Every line of the material needs an exact copy, apart from the images.

─── Raw data

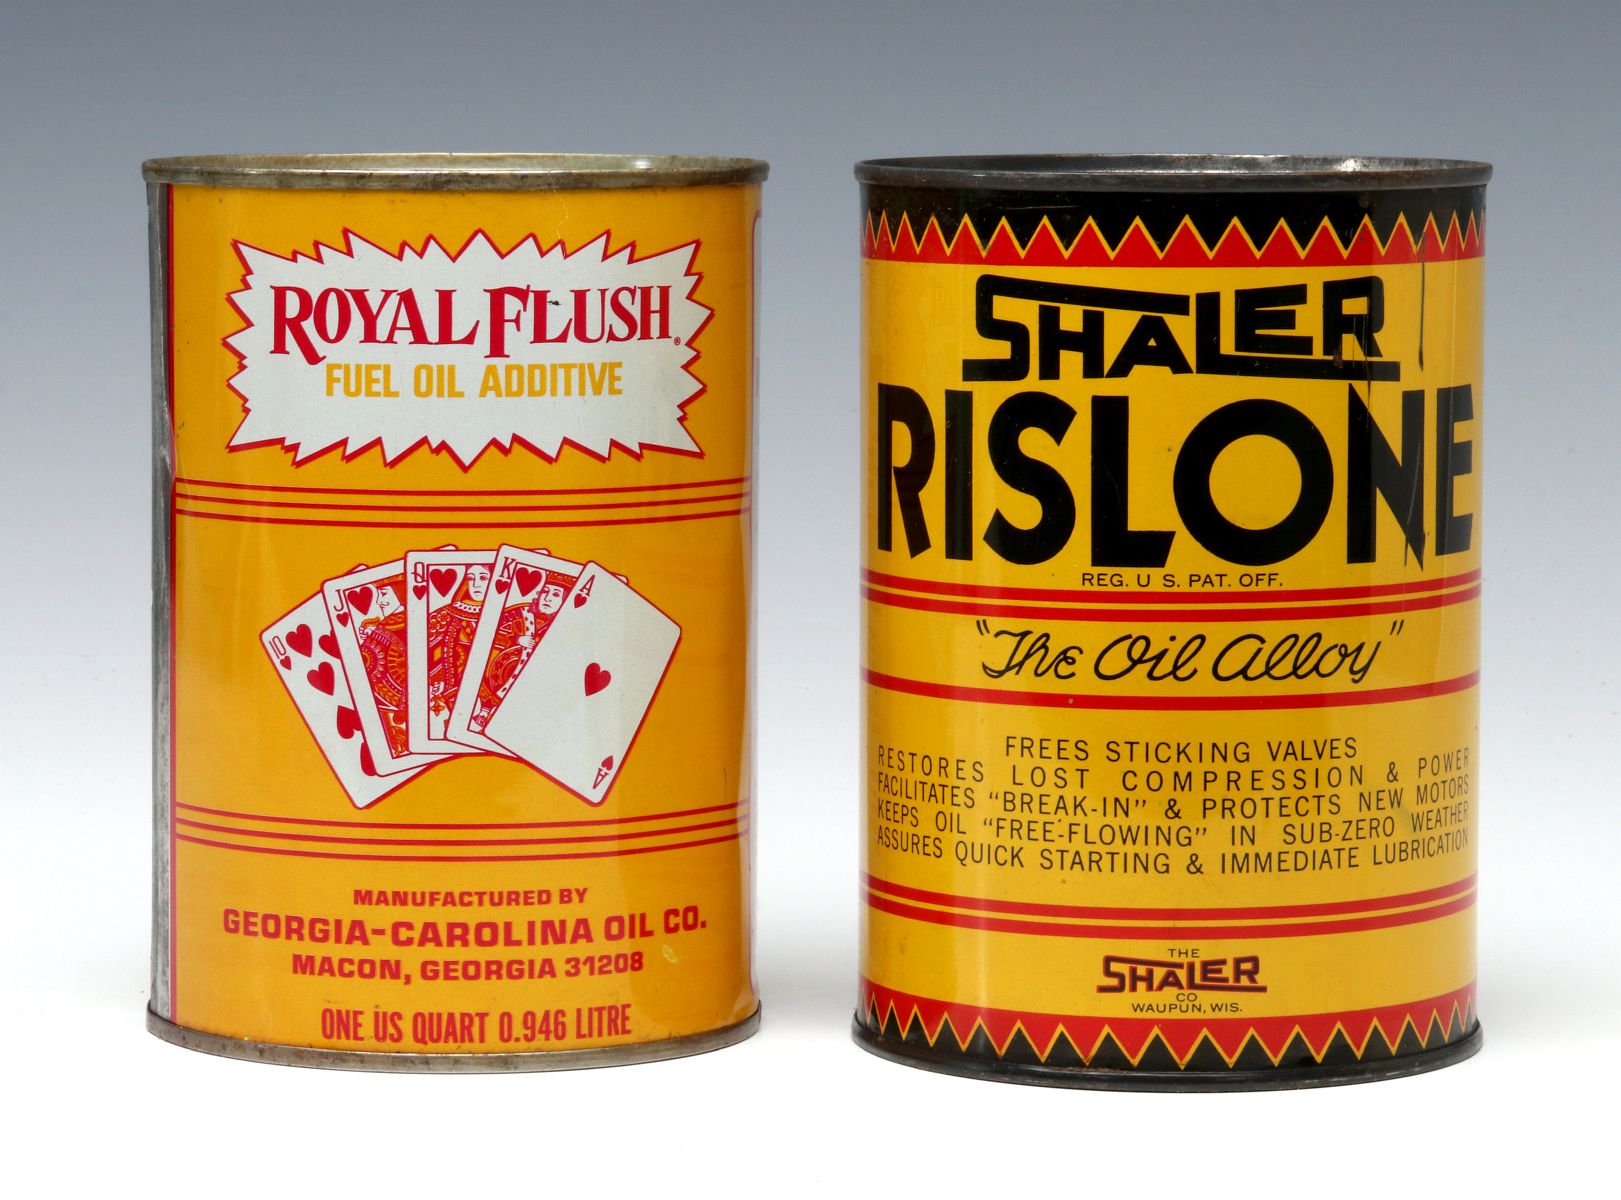 TWO VINTAGE AUTOMOTIVE PRODUCT CANS
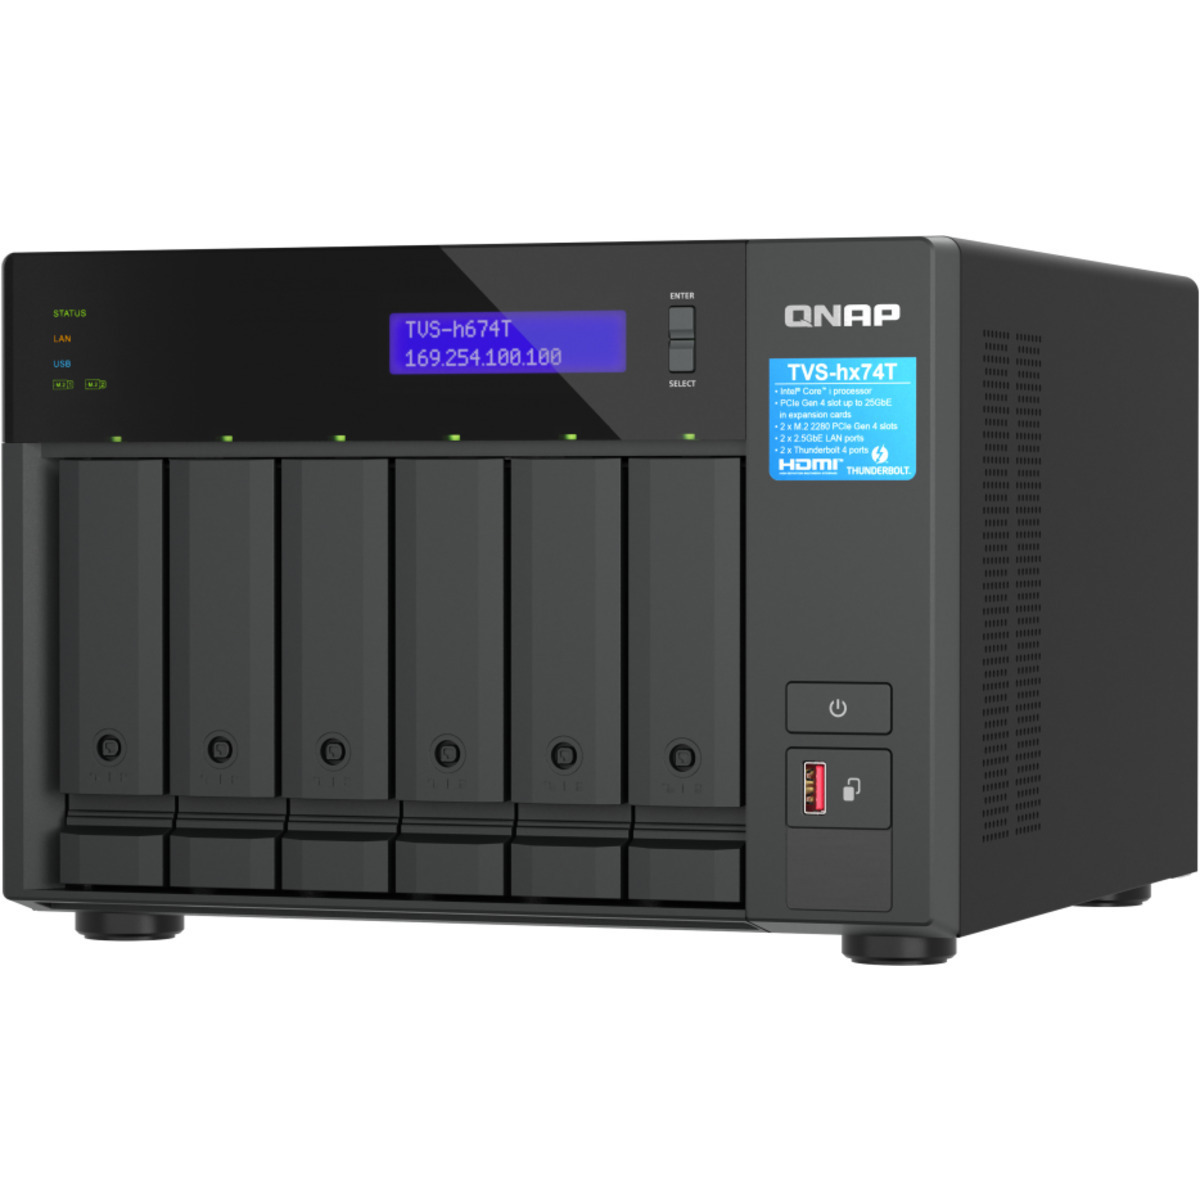 QNAP TVS-h674T Core i5 Thunderbolt 4 40tb 6-Bay Desktop Multimedia / Power User / Business DAS-NAS - Combo Direct + Network Storage Device 5x8tb TeamGroup EX2 Elite T253E2008T0C101 2.5 550/520MB/s SATA 6Gb/s SSD CONSUMER Class Drives Installed - Burn-In Tested TVS-h674T Core i5 Thunderbolt 4
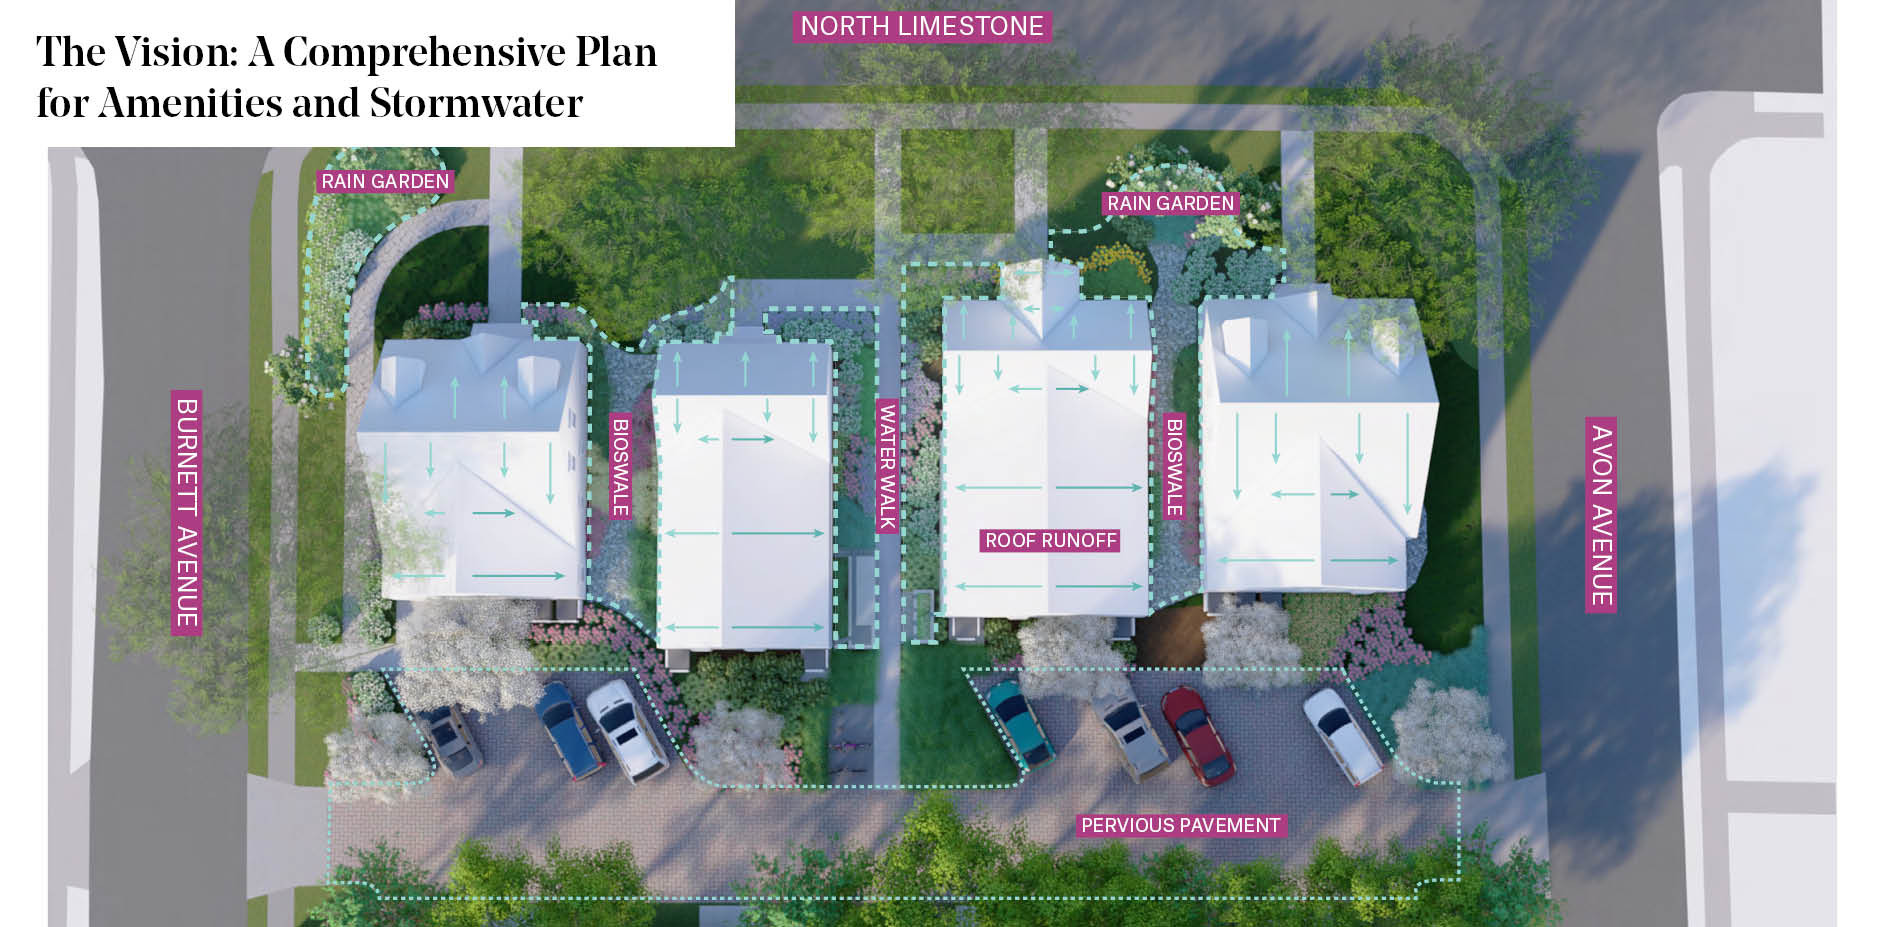 The Vision: A Comprehensive Plan for Both Amenities and Stormwater

──────

#### Answer
 TWO VINTAGE AUTOMOTIVE PRODUCT CANS
 QNAP TVS-h674T Core i5 Thunderbolt 4 40tb 6-Bay Desktop Multimedia / Power User / Business DAS-NAS - Combo Direct + Network Storage Device 5x8tb TeamGroup EX2 Elite T253E2008T0C101 2.5 550/520MB/s SATA 6Gb/s SSD CONSUMER Class Drives Installed - Burn-In Tested TVS-h674T Core i5 Thunderbolt 4
 The Vision: A Comprehensive Plan for Both Amenities and Stormwater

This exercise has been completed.